At least 800 research studies published in crystallography and exotic-chemistry journals originate from a paper mill, a new study suggests.

The preprint identified around 800 research studies published between 2015 and 2022 that recycle images, contain oddities in the methods section and references that cite papers of no relevance. The study suggests that one main purpose of the paper mill is to artificially boost researchers’ performance indicators.

‘I found a few pieces from the same jigsaw,’ says David Bimler, an online sleuth who often comments about questionable research using the pseudonym ‘Smut Clyde’, who authored the study. But when I put the pieces together, he says, ‘it got larger than I was expecting’.

Graph

Source: © David Bimler

Thermogravimetric analysis is a way to measure a number of properties of a material and plots from eight papers uncovered by the study reveal striking similarities when superimposed

Bimler frequently comments about problematic and questionable studies on the post-publication site PubPeer, where scientists discuss papers after publication. For Bimler, it’s clear that the studies originate from a single source, as they contain overlapping features such as using peculiar phrases and contain similar images. He thinks the real number could be even higher when one counts certain papers that are hard to track down or access.

All the authors of the papers in question are doctors based at Chinese hospitals, who need to publish in international journals to be eligible for promotions, notes Bimler. In August 2020, the Beijing municipal health authority released a policy outlining that a physician needs two first-author papers to be promoted to deputy chief physician and three such papers to become a chief physician.

‘Although the Chinese authorities have announced that relevant changes are being made to the system as part of a crackdown on research misconduct, these incentives have obviously not been removed entirely,’ says Jana Christopher, a leading image data integrity analyst in Heidelberg, Germany.

Only a handful of the flagged papers have so far been retracted, Bimler adds. That might partly be because he hasn’t actively contacted the affected journals to alert them to the problem.

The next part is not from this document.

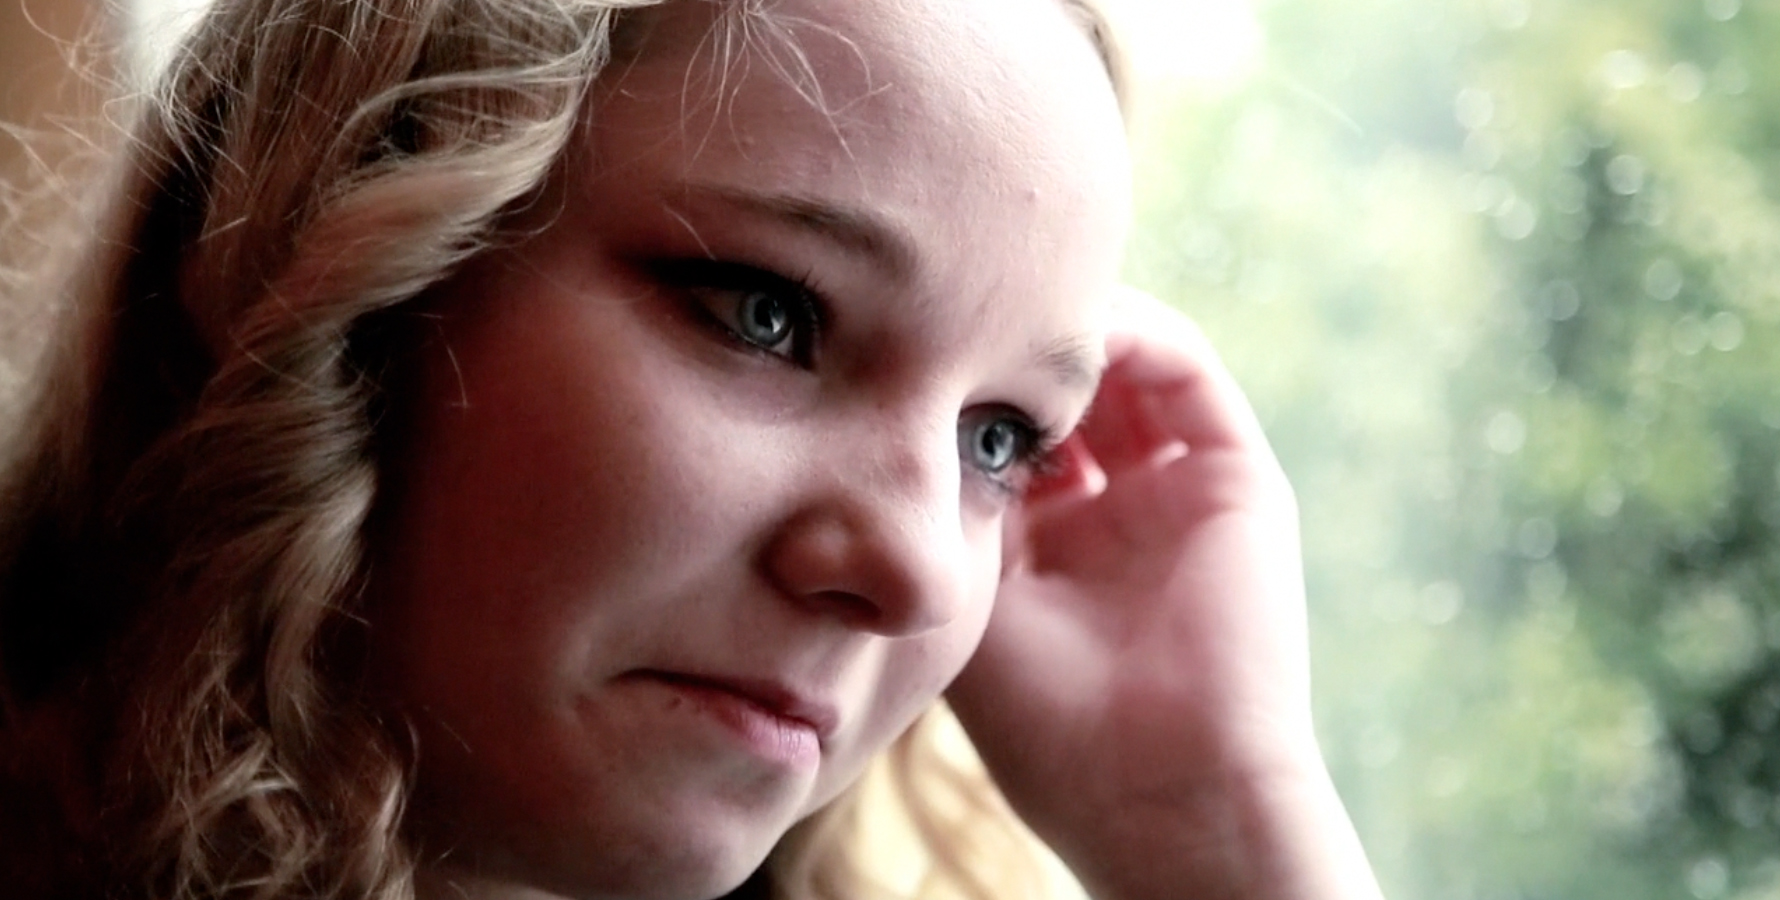 Erin St Pierre acts as the emotional Jen in the short film 'Lost'

Sylvain Bernès, a computational crystallographer at the Meritorious Autonomous University of Puebla in Mexico and a keen PubPeer commenter, tells Chemistry World the problem may have been exacerbated by the fact that ‘it’s very easy to cheat with crystal structures’.

‘The building of a new structure from scratch, including the fabrication of experimental data (diffraction intensities) is a bit more tricky and time-consuming, but many software that allow that are available,’ adds Bernès. ‘Indeed, it takes more time to check and detect issues in x-ray structures than to create fake structures. I assume that this is very good for paper mill productivity.’

Previous research has also indicated that physicians in China are using paper mills widely. In 2020, microbiologist-turned-scientific integrity expert Elisabeth Bik in San Francisco, California and colleagues also identified a paper mill that she thought had churned out hundreds of papers with potentially fabricated images authored by researchers in China.

But Bimler admits that all these findings can’t be confirmed as no one is claiming responsibility for producing papers through paper mills. ‘It gets a bit speculative,’ he says, referring to the inner workings of paper mills. ‘I suspect you’ve got a range of cases from just one person or a couple of people working on a small scale and large industrial-scale ones with quite a few people doing it.’

Bernès thinks paper mills as we know them may disappear in the short term but other strategies to circumvent scientific scrutiny will emerge.

‘I just would like to be sure that not too many invented x-ray structures are landing in the databases, in particular the [Cambridge Structural Database],’ Bernès says. ‘Note that the 800 papers under consideration correspond to approximately 1200 structures deposited in the CSD. That is 0.1% of the whole current knowledge in chemical crystallography. In other words, the database is polluted with wrong data.’